Other Questions. - Departmental Audits.

Michael Ring

Question:

8 Mr. Ring asked the Minister for Foreign Affairs if he will report on the activities of his Department's inspection and internal audit section. [15018/02]

An inspection unit was established in my Department in September 1992 in order to have in place a structure to examine the operation of overseas missions in a systematic way. The mandate of the unit was extended in 1994 to cover internal audit. The unit examines and evaluates the operation of missions abroad with a view to ensuring that the resources of the Department are deployed as effectively and productively as possible in line with overall departmental strategy. The unit also performs an independent audit function, which evaluates the efficiency and effectiveness of systems for the internal check and control of operations throughout the Department and makes recommendations for improvements.

From the time of the establishment of the unit in 1992 to date, 47 inspection visits have taken place to missions abroad. Each inspection entails a detailed examination of the allocation and use of the resources of the mission. The general administration, including the keeping of mission accounts and procedures for dealing with the consular work and passports, is also scrutinised. In advance of the visit, both the divisions at headquarters and the mission carry out a detailed survey of their relationship and interaction. Following inspections, the reports are discussed by the management advisory committee with the participation of the relevant head of mission and appropriate action is taken to implement recommendations.

The inspection unit also carried out in 2000 and 2001 a major audit of the overall tasks and resources of the Department. It made a number of significant recommendations, many of which it has been possible to implement. The development co-operation directorate has a separate evaluation and internal audit unit, dedicated to ensuring the quality and relevance of the development work of Ireland Aid and to auditing the accounts of all projects and programmes. It also commissions external evaluations and audit exercises as required. The findings and recommendations from these evaluations have been implemented throughout the Ireland Aid programme.

I hesitate to raise this delicate subject, but with regard to the multiplicity of Third World development agencies, to which the Minister referred, is he satisfied that everything possible is done to keep down the overheads of these sometimes competing organisations? Does his Department play a co-ordinating role or does it encourage co-ordination? What, if any, examination has been undertaken by his Department or this departmental unit into the effectiveness of what is a multiplicity of organisations in terms of dealing with the issues of the developing world, or does the competition between them assist with making people aware? I would like this issue to be addressed. While it does not necessarily have to be done in a public forum, it is an issue in which the Minister, or more particularly, the Minister of State with responsibility for that area, might take an interest.

I agree that this question could be better addressed by the Minister of State, Deputy Kitt. There is an increasing budget for overseas development aid. An external evaluation on Ireland Aid was carried out by the OECD and the report judged it to be an excellent programme. However, concerns were expressed about its capacity to evaluate, oversee, audit and ensure the sufficiency of personnel and information system resources available to guarantee that we were getting value for money and that everything we were hoping to do was being done on the ground.

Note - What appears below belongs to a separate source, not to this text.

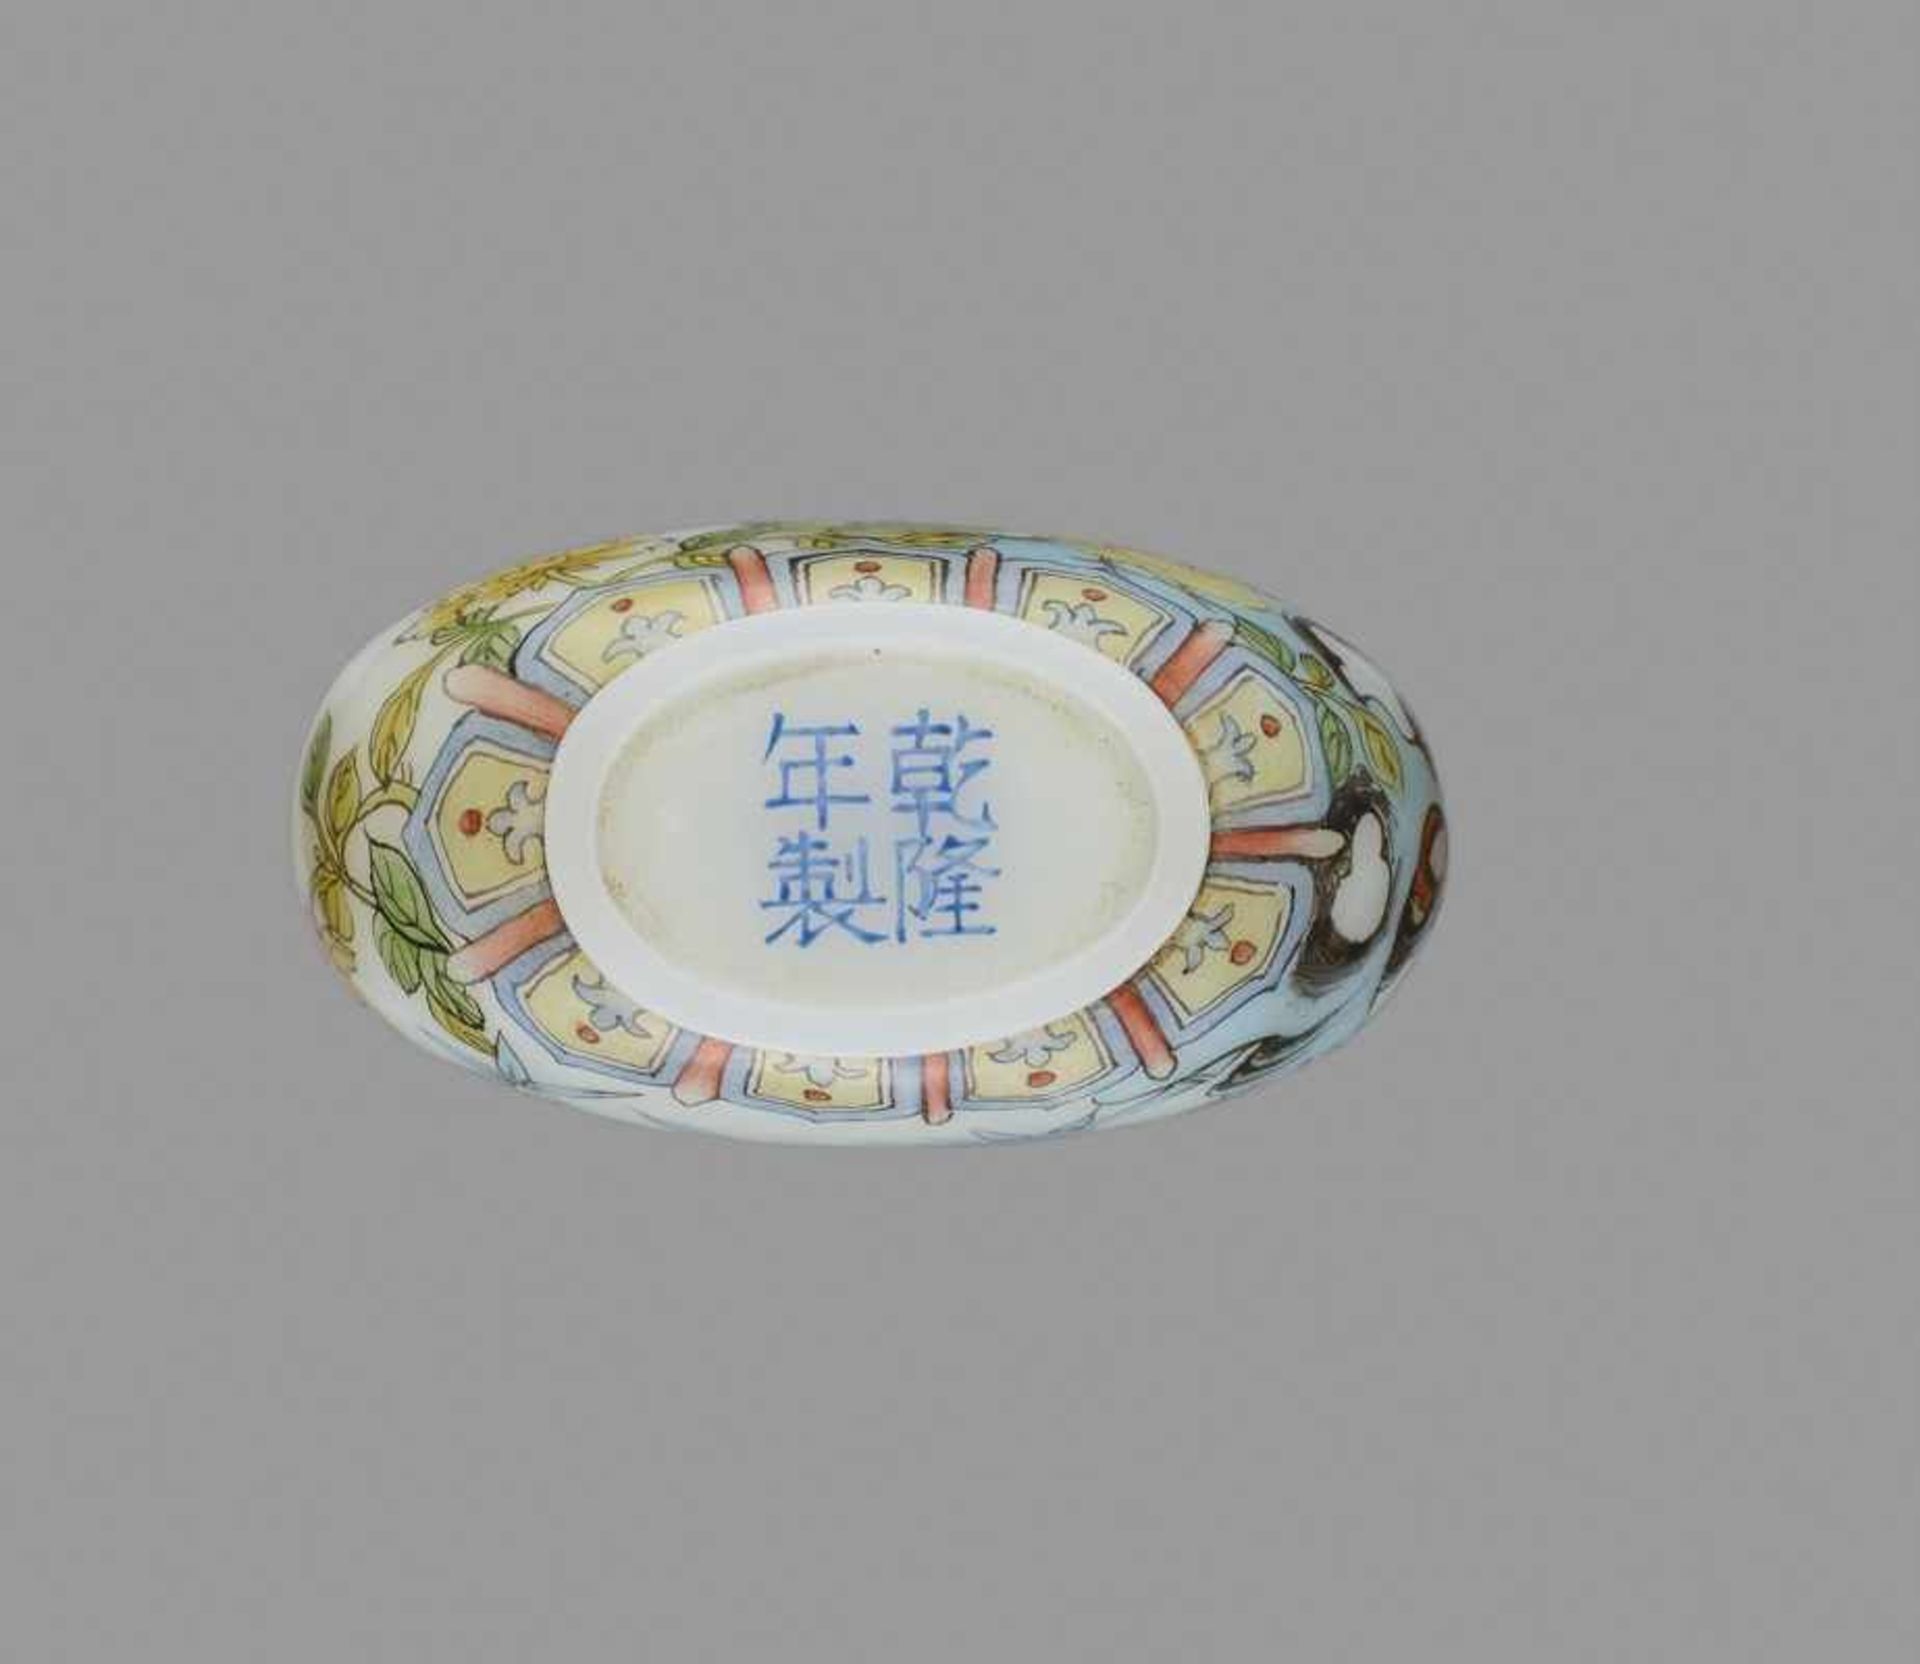 AN ENAMELED GLASS SNUFF BOTTLE, SCHOOL OF YE BENGQI Opaque white glass body with painted - Image 6 of 6

In addition, the development and co-operation division, evaluation and audit unit, undertook a range of exercises last year. We have extra personnel in the area and are satisfied we are now building up the necessary expertise required, given that the resources of this area of the Department could quadruple in terms of volume between now and 2007. It is clear that we need an active and able programme in order to get the evaluation and audit in place. It has done a strategic and operational review of the Ireland Aid evaluation unit, the promotion of community managed urban services and an external review of the national committee for development education.

There has been a national review of block grant projects of Concern Worldwide, GOAL and Christian Aid Ireland in India and Bangladesh. There has been an evaluation of GOAL, Concern Worldwide, Trócaire and Self-Help Development International block grant projects in Kenya, Uganda and Malawi and a management system review of potential NGO block grant recipients. There has been a study to develop a formal risk management process in Ireland Aid and an external review of the development programme in Ethiopia; an evaluation of hotel and tourism training project in Zambia; the evaluation of Ireland Aid contributions to the UN Commission for Refugees and to the Office of the UN High Commissioner for Human Rights and the participation in UNICEF review in Zimbabwe, to give a flavour of what has been achieved. The external annual audit programme includes the six priority country programmes plus South Africa. A systematic approach is being taken and, as has been said, if there are any specific areas of concern the Minister of State will only be too happy to give the detailed replies necessary.